Kekhawatiran Petani Sawit Kecil Mengemuka Terkait Dampak Kebijakan DHE SDA

Praktisi kelapa sawit dari Serikat Petani Kelapa Sawit (SPKS), Mansuetus Darto, menyampaikan kekhawatiran mendalam terkait dampak Peraturan Pemerintah (PP) Nomor 8 Tahun 2025 tentang Devisa Hasil Ekspor Sumber Daya Alam (DHE SDA) terhadap petani sawit skala kecil. Regulasi ini mewajibkan eksportir untuk menyimpan DHE SDA dalam negeri.

Menurut Darto, meskipun petani kecil tidak terlibat langsung dalam ekspor hasil panen mereka seperti minyak sawit mentah (CPO) atau tandan buah segar (TBS), mereka sangat bergantung pada rantai pasokan yang melibatkan koperasi, tengkulak, dan terutama pabrik pengolahan kelapa sawit. Pabrik-pabrik ini, pada gilirannya, sangat bergantung pada eksportir kelapa sawit.

Darto menjelaskan bahwa kebijakan DHE SDA dapat menciptakan efek domino yang merugikan petani kecil. Jika eksportir mengalami kesulitan keuangan akibat dana yang tertahan dalam negeri, mereka mungkin tidak dapat membeli TBS atau CPO dari perusahaan sawit. Hal ini dapat menyebabkan penurunan serapan hasil panen, yang berakibat pada kesulitan petani untuk menjual hasil panen mereka dan penurunan harga TBS. Saat ini, harga TBS sudah menunjukkan penurunan sebesar Rp 30 hingga Rp 50 per kilogram.

Dampak lebih lanjut yang mungkin terjadi antara lain:

  • TBS petani tidak laku terjual.
  • Eksportir menjadi lebih selektif dalam memilih pemasok.
  • Eksportir memprioritaskan bahan baku dari grup perusahaan sendiri.
  • Pabrik-pabrik banyak yang terpaksa ditutup, menyebabkan pemutusan hubungan kerja (PHK) massal.

"Jika perusahaan eksportir kesulitan likuiditas karena harus menyimpan DHE di dalam negeri selama 12 bulan, bisa jadi mereka lebih selektif membeli bahan baku (TBS), atau menekan harga beli dari petani," ujar Darto.

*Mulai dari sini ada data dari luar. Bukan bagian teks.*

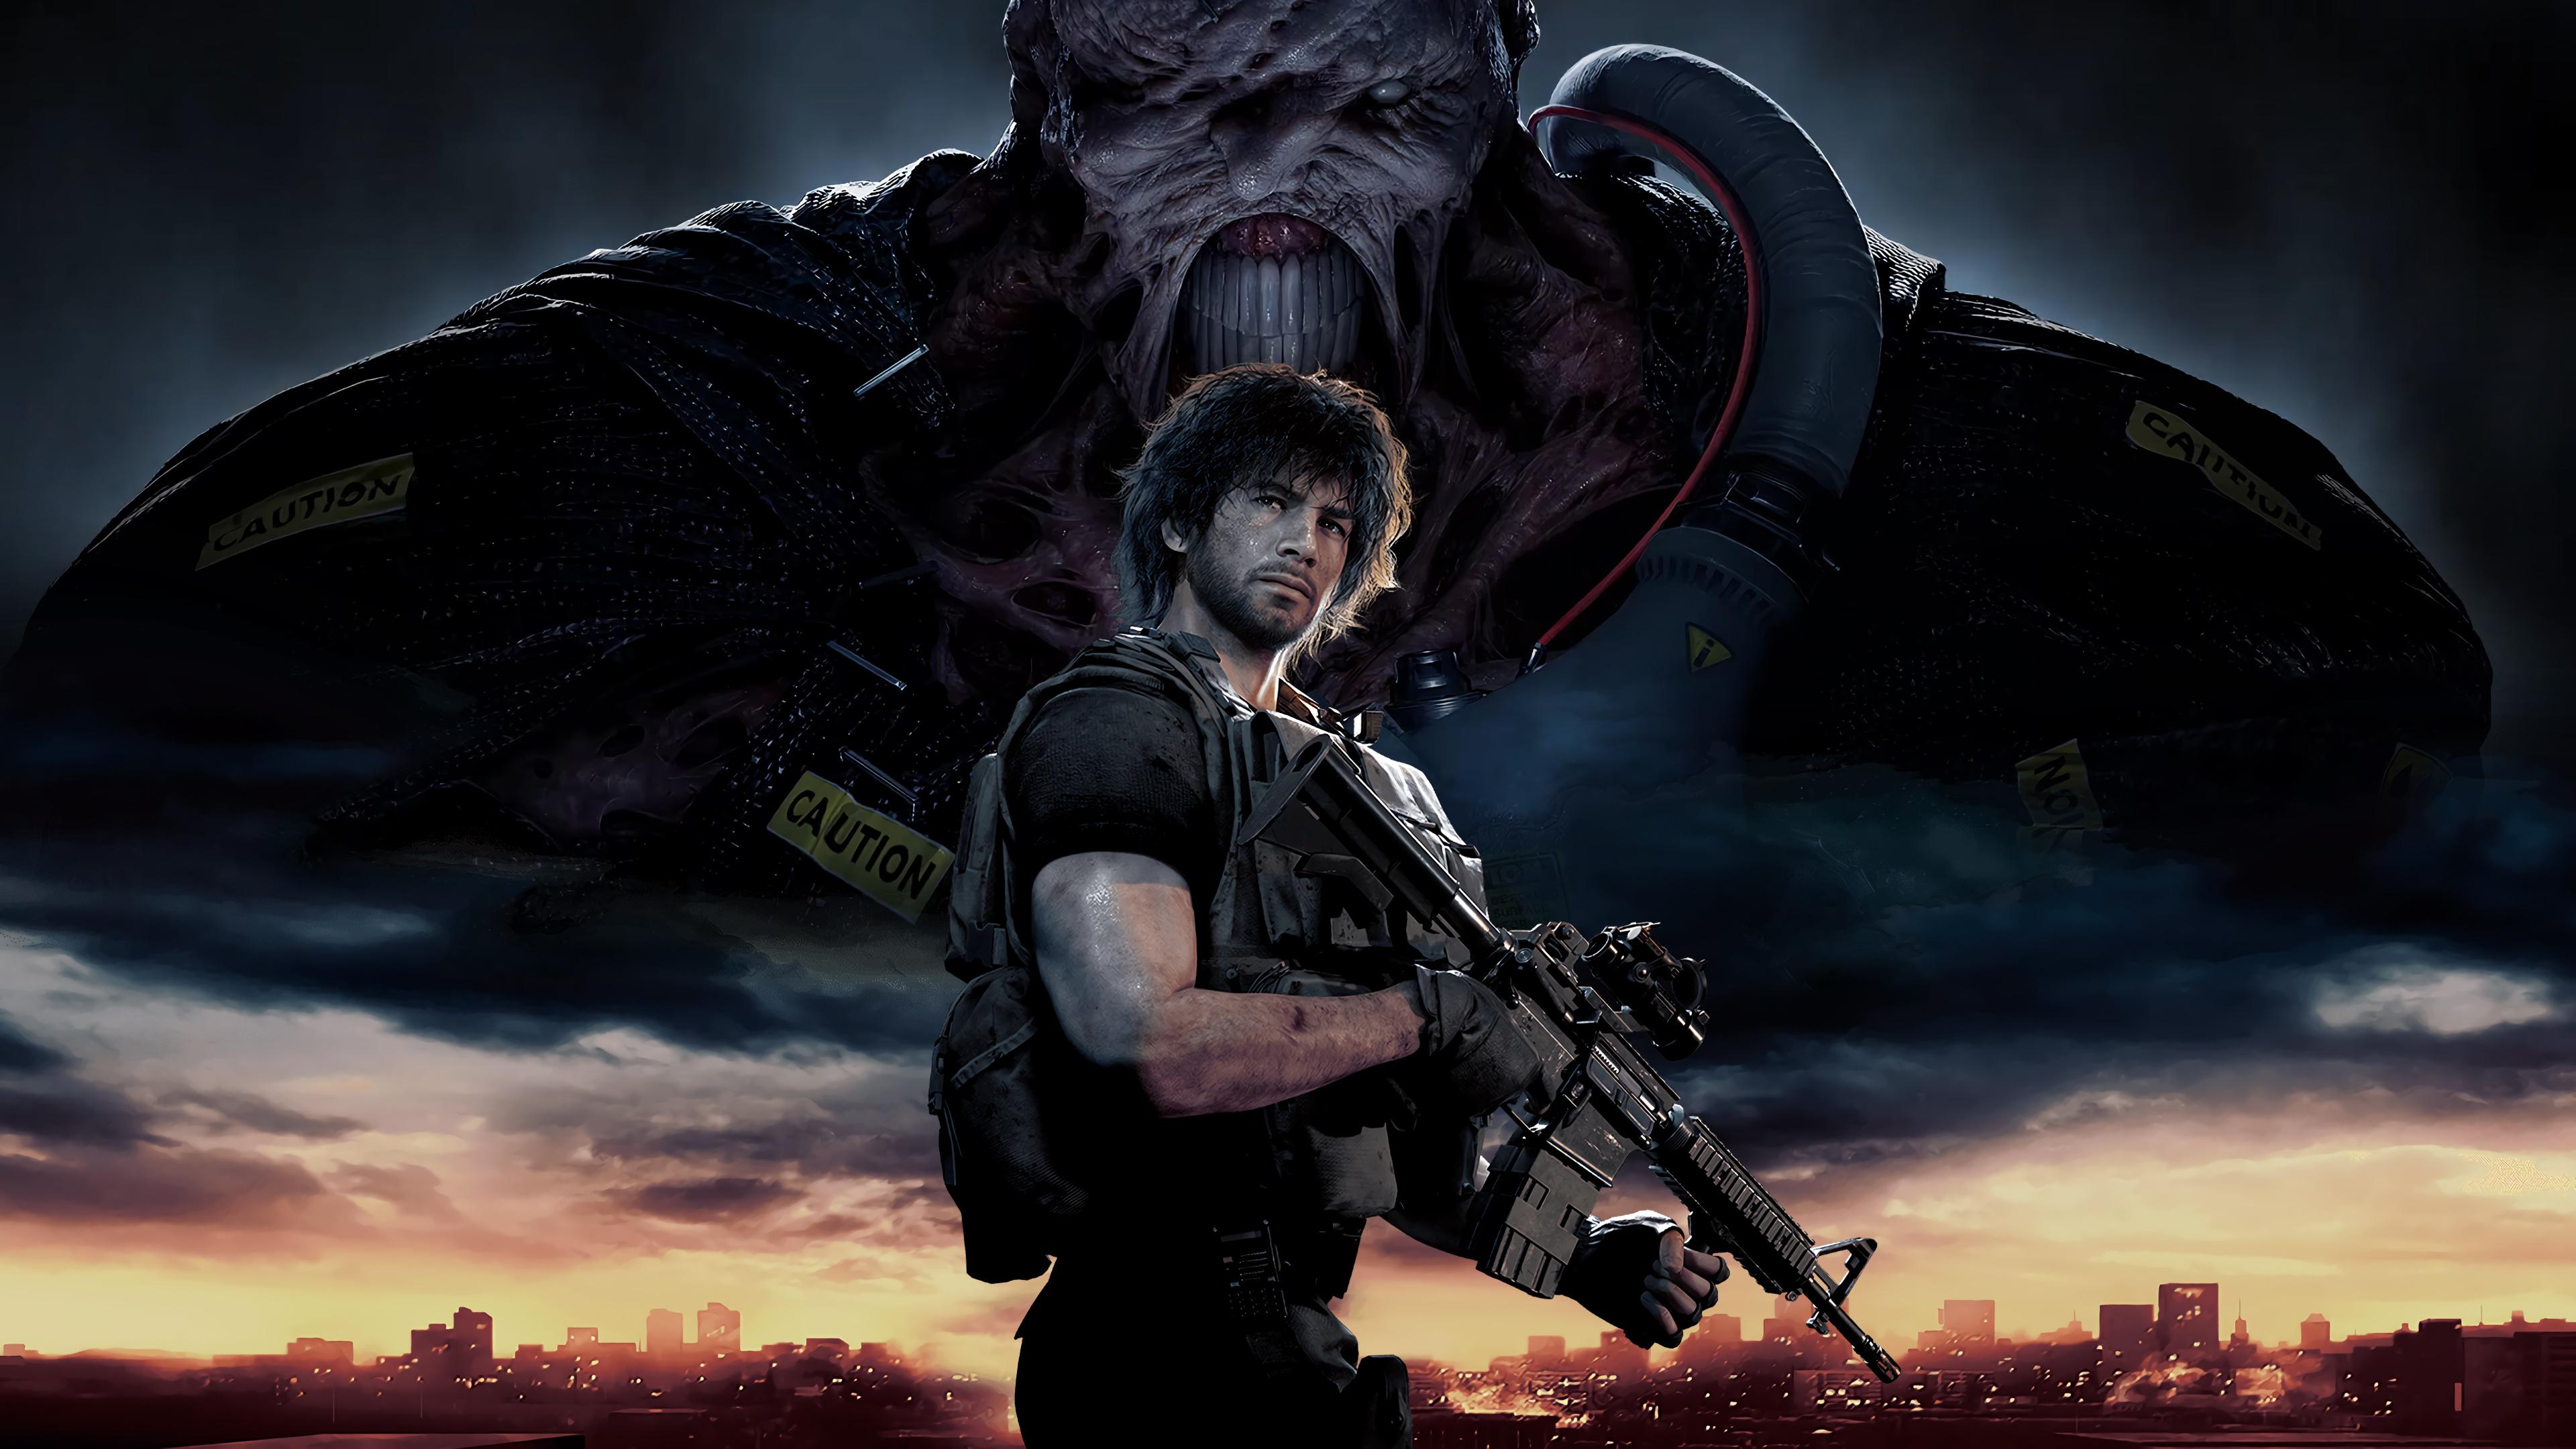 4k Resident Evil 3 Remake Wallpaper Hd Games 4k Wallpapers

Darto menekankan bahwa meskipun petani sawit skala kecil bukan eksportir langsung, mereka tetap rentan terhadap dampak kebijakan DHE SDA. Ia menambahkan bahwa dampak kebijakan ini bisa bersifat positif atau negatif, tergantung pada bagaimana perusahaan dan pemerintah mengelola transisi ini. Darto mengusulkan agar perkebunan diperlakukan serupa dengan sektor minyak dan gas, di mana hanya 30 persen DHE yang wajib disimpan, bukan 100 persen.

Selain itu, Darto juga menyoroti potensi dampak negatif aturan DHE SDA terhadap program hilirisasi sawit dan ketersediaan CPO nasional untuk industri makanan dan energi. PP Nomor 8 Tahun 2025, yang diumumkan oleh Presiden Prabowo Subianto pada 17 Februari 2025, mewajibkan eksportir di sektor pertambangan (kecuali minyak dan gas bumi), perkebunan, kehutanan, dan perikanan untuk menempatkan 100 persen DHE SDA dalam sistem keuangan nasional selama 12 bulan dalam rekening khusus di bank nasional. Sementara itu, sektor minyak dan gas bumi tetap mengikuti aturan yang berlaku dalam PP Nomor 36 Tahun 2023.